Facebook user ID's are 64bit and I doubt that the message ID needs more than 64bit either. Timestamp is typically 8 bytes, so 64 bits as well. So, you're looking at 256 bits of message header.

It may be a good idea to provide range of fixed templates for standard messages and send just selective message Id along with recipient name over the network.

Interesting how they decide to remove features like 'seen' and 'online' in an effort to prioritize the actual message.

Offtopic- I hate those features to begin with, but I know I'm the product not the customer, and those features are to keep people on the app.

I haven't used FB Messenger, but I also hate features where they show if the other person is typing a response. I intentionally disable it in Slack, so the other person simply sees a response when I'm done with it.

> I intentionally disable it in Slack, so the other person simply sees a response when I'm done with it.

FYI, I don't think that is possible in Slack. You can choose to hide typing indicators in your view, but AFAICT you can't prevent other people from seeing when YOU are typing: https://twitter.com/SlackHQ/status/1057288342671368194

Hmm I suspect that was the case. anyway, what I do now is type to myself, then copy and paste the response.

If you use the browser client, you should be able to make a simple Greasemonkey script to replace the default text input. Might save some time in the long run.

I guess someone like me could make a browser add-on, too. Though I don't know how many people use the browser client vs. the app.

If you run a proxy you could also block those requests.

The ability to roll your own Slack Client would be great thing imho. I really don't like the default UI (which is also the same layout as all the web based messaging apps, like it's somehow a good thing). I 100% happy with a small window with an IRC style layout - it's a shame I can't use slack (+whatsapp, +messenger) like this.

Back in the days we used to solve this by developing protocols not services.

I did something similar. Hook "WebSocket.prototype.send", check if arg is type "typing", if so return.

Likely against their ToS (https://old.reddit.com/r/programming/comments/9bc6gi/bye_bye...)

Heh, MSN messenger (back in the day... I don't know how they managed to kill it off) did this notification.

I had a 3rd party client (aMSN) that would popup a chat window as soon as someone would start typing an initial message to me.

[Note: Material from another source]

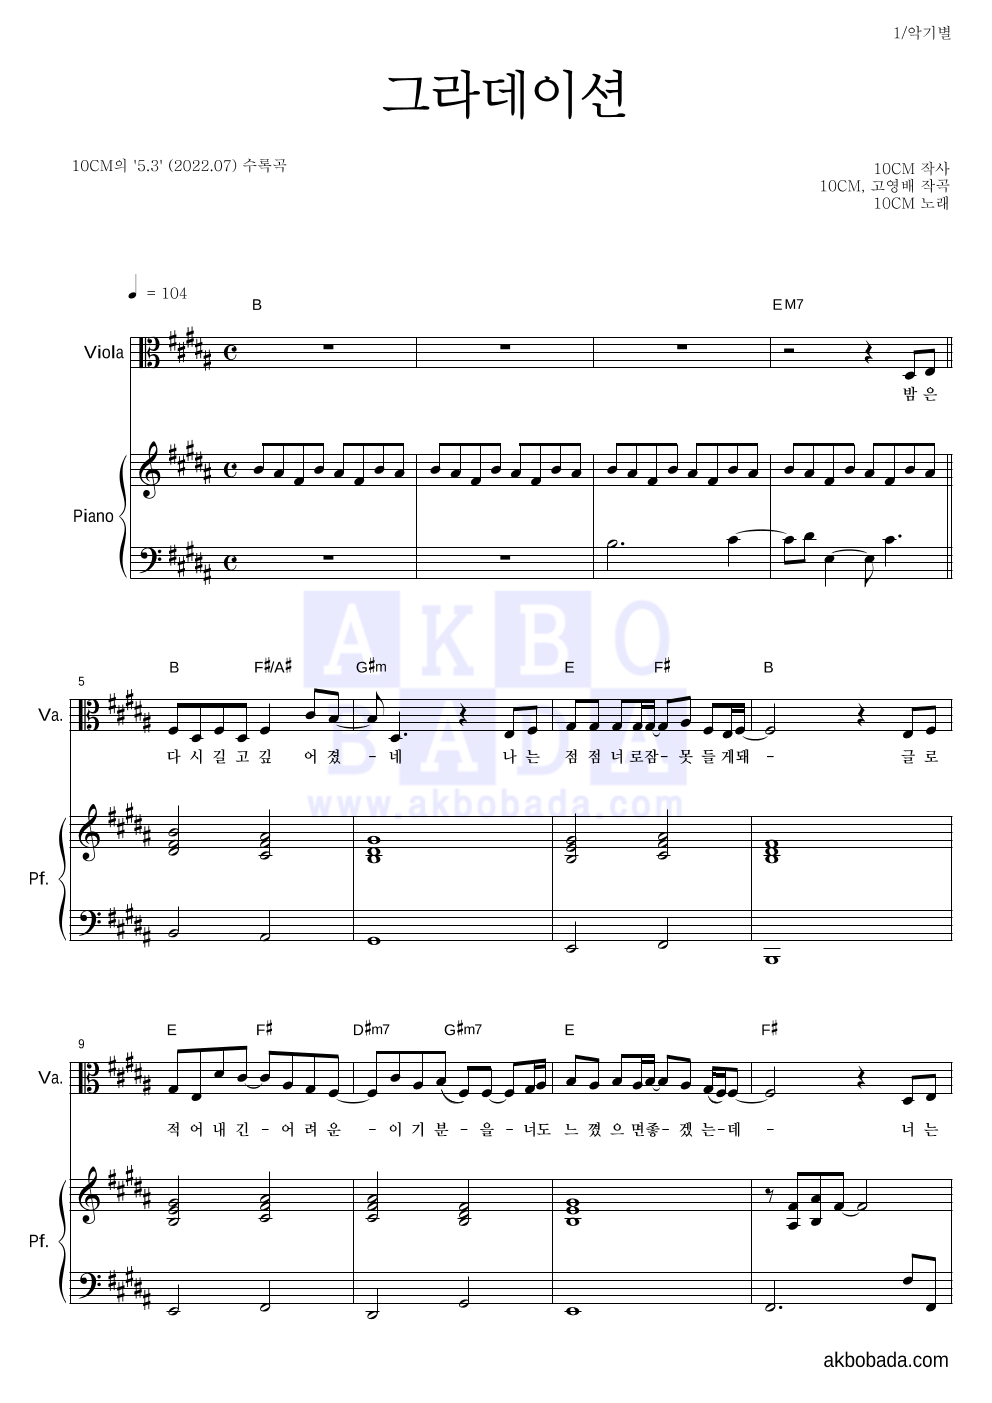 10CM - 그라데이션 비올라&피아노 악보 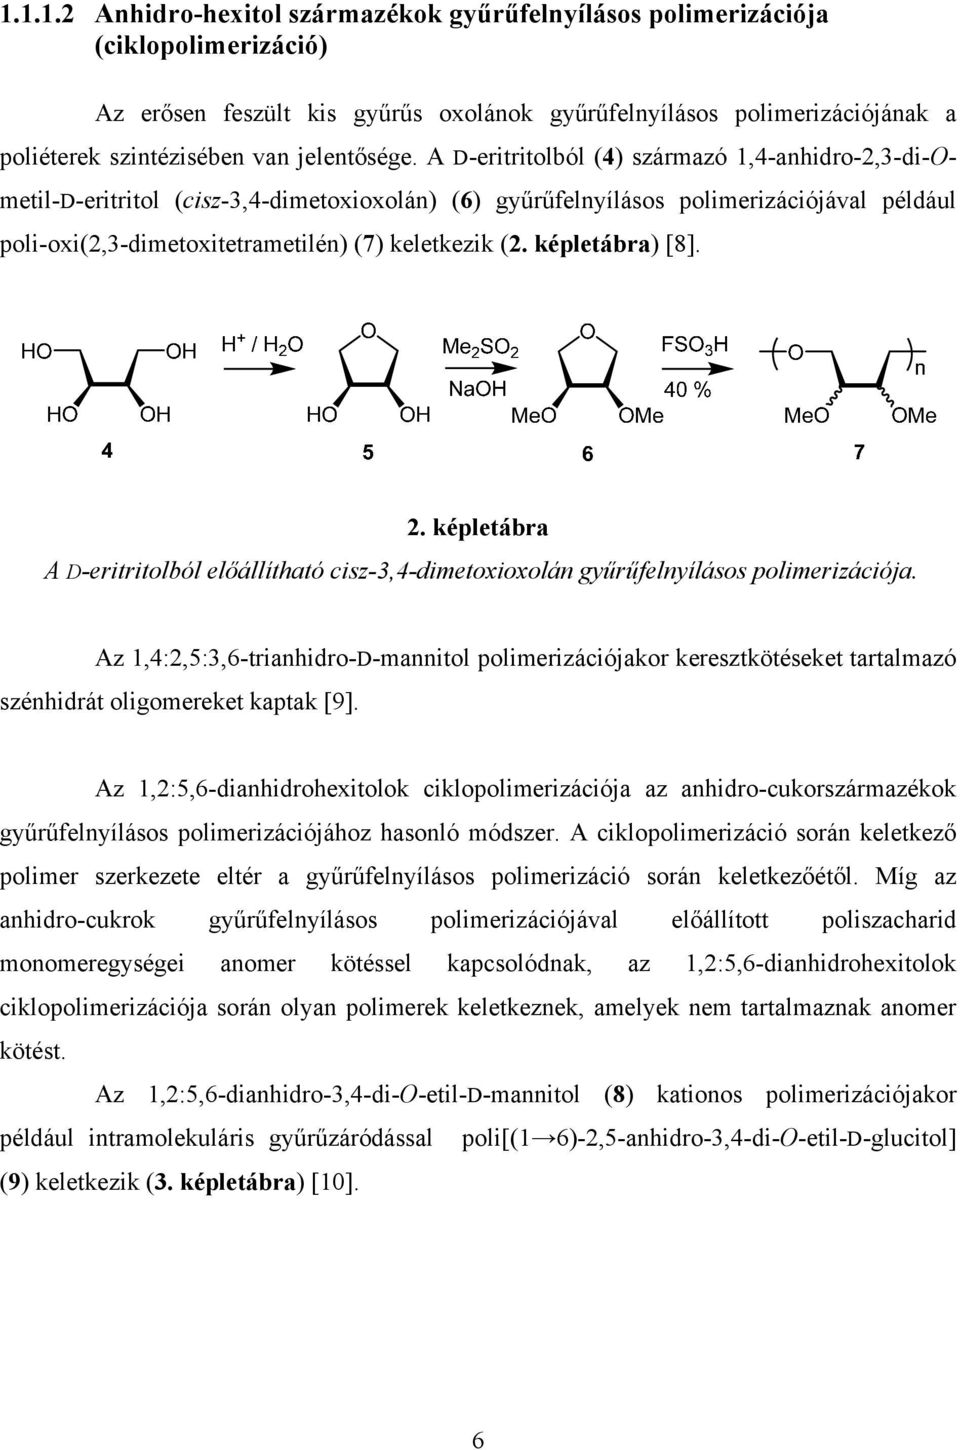 A D-eritritolból (4) származó 1,4-anhidro-2,3-di-metil-D-eritritol (cisz-3,4-dimetoxioxolán) (6) gyűrűfelnyílásos polimerizációjával például poli-oxi(2,3-dimetoxitetrametilén) (7) keletkezik (2.

I would say "Hi" to them first and they would thing it was a big coincidence that they were trying to talk to me at the same time.

AIM had a similar add-on as well; I recall spooking lots of friends like this and telling them I was a Jedi :P

Pidgin had this too for clients which supported it. It even warned you by displaying: "You feel a disturbance in the force." Good times.

Came here to post exactly that, I really enjoyed that feature back in the days!

Ha! I remember Trillian having the same exact phrasing

It was even funnier when I saw a friend’s sister kept opening up a chat box to see my profile picture without ever saying a word ;)

> I don't know how they managed to kill it off

They kept incrementing the server protocol version without updating the client. Eventually all the clients just stopped being able to connect. Strangely, for a long time, only the version bundled with XP stayed working, until eventually it too could no longer connect.

I heard they kept it alive in China longer. Maybe they updated their client. Maybe.

Diff'rent strokes: I really like that feature in iMessage. I find it kind of like being in a cartoon, with the little thought bubble about to produce a response.

The worst is someone contacting you

> Hi

(waiting) (waiting) (waiting)

< OK Hi

(typing) (pause) (typing) (pause) (typing) (pause) (typing) (pause)

FFS hurry up already

I believe that started off as an accessibility feature back in the AIM days.

I also despise those features, but I agree wholeheartedly that these decisions push the money forward

Out of curiosity, why do you not like those features?

To me, "seen" is a feedback mechanism. When I send a message to you, I don't always need a response, but I do usually want to know that you saw the message -- sort of an ACK.

This is a little difficult to explain, but as someone who (extremely ashamedly, in hindsight) became very obsessive about romantic interests - to the level of stalking behavior - at least twice over the course of my life - this is precisely the kind of technology design decision that has negative externalities which maybe aren't apparent to people who are of sound and balanced mind.

If someone is obsessed about another person, they're going to get the same kind of dopamine rush simply from seeing that the other person is online and active that most of us get from receiving new messages in our inbox or messaging apps. It's tricky to explain, but as you draw closer (or feel like you draw closer) to someone, the urge to be connected and know that they're present becomes overpowering. Moreso if that person is in any way encouraging this kind of dependence / attachment.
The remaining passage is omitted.